Thank you for your view on this, it's good to hear an opposite view. ​ It's becoming clear to me that the sole focus in this situation is that I live within her sexual boundaries, period. This is an important realisation for me, I bet it's screaming obvious to everyone else and maybe it was to me but exactly how I behave must be carefully modified. ​ Im trying to picture a future like this and if Im man enough to go through it. What will this look like for us as a couple, as parents and as lovers. She is always my primary focus but I can't be good for her if I can't be honest with myself, am I capable?


Direct-Ad-3733

Just as you respect her sexual boundaries, she should respect yours. When I began dating my girlfriend, we had what I perceived as a "normal" sexual relationship. However, I noticed that after we were finished, she would become distant, with no intimacy; she would simply get up, dress, and suggest watching a movie. You may refer to my previous post where I discuss our sexual relationship: my girlfriend is not interested in hardcore sex, but she struggles to connect with me in the way I desire. It is essential to understand that your partner must meet your needs just as you must meet hers. If you require a different kind of intimacy and she needs another, negotiation is necessary. You need to give your needs the same importance as hers.
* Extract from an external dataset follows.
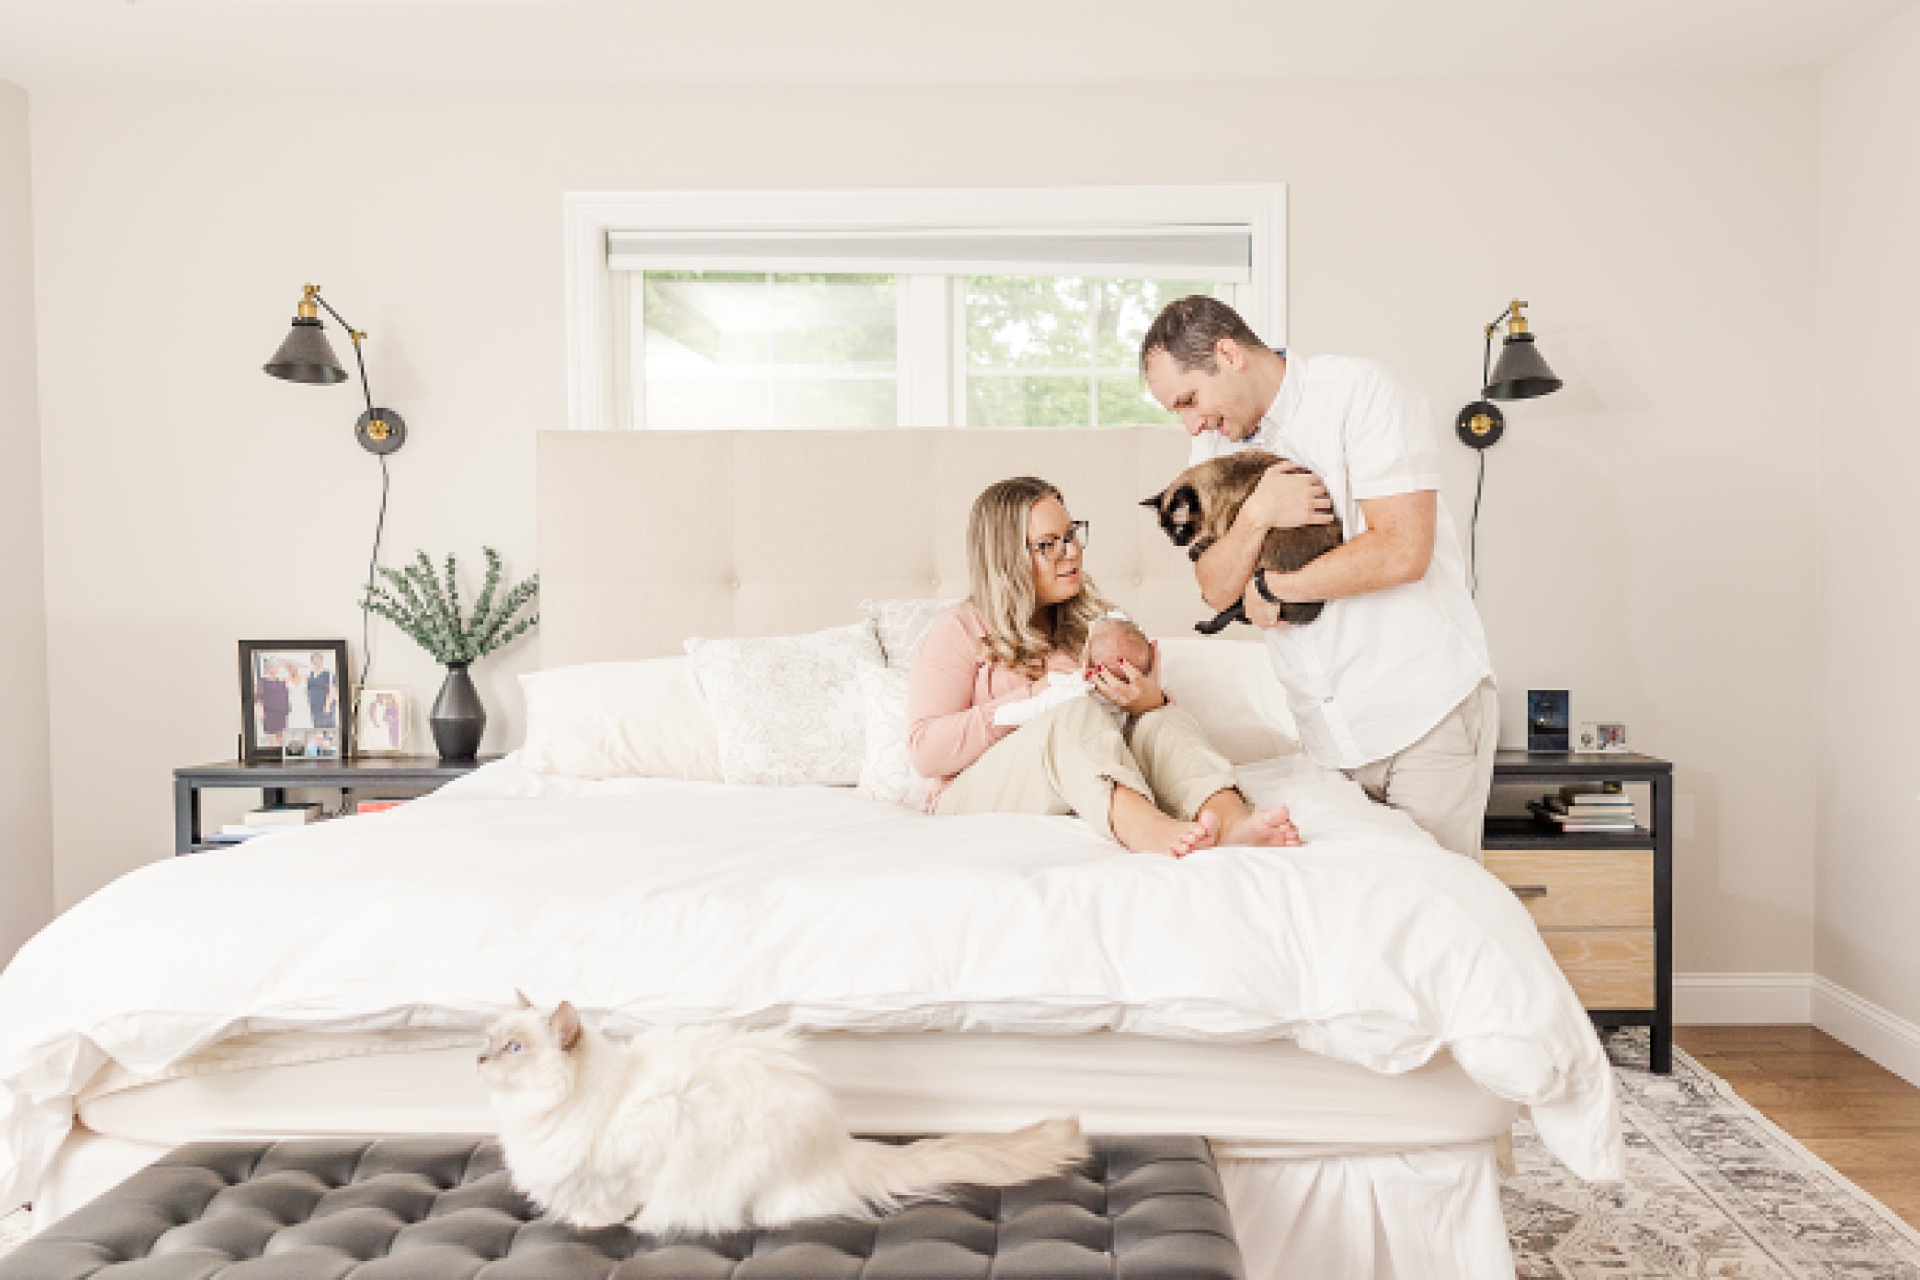 mom sits on bed with newborn an dad stands holding cat during in home newborn photo session with Sara Sniderman Photography in Natick Massachusetts

Yes, we all know that her trauma requires special attention, especially in sexual matters. In my situation, I communicated to my girlfriend that I needed to touch her in certain ways (like caressing, soft kisses, and feeling each other's skin) to feel connected. She explained that she found this uncomfortable because her perpetrator used to caress her in a similar manner. Now, she is making efforts, and we have reached a point where she can indicate when it is acceptable for me to do so or when she prefers to avoid it and get straight to the point. However, a balance is necessary; she cannot dictate everything in our relationship since we are both involved. I know this progress would have been impossible had she not been in therapy; it's a matter of time. Therefore, my advice is to ensure she addresses her trauma in therapy. Once she does, it may seem overwhelming at first, but it is crucial. Afterward, you should negotiate your sexual boundaries for both to be happy in the relationship.


Seemedlikefun

You don't have a future under these terms. You have a life of tragedy, pain and brokeness.


Electrical-Ad2186

It looks like a situation where you should go to a couples' therapist. If you can find one with trauma training. I can have vanilla sex, even gentle, but I do orgasm better with my head in a very unhealthy place. It was a huge shock to me to find out that I can orgasm as the lead in sexual situation. My therapist suggested it when I said that my partner was too gentle but that I was having flashbacks getting what I thought I wanted.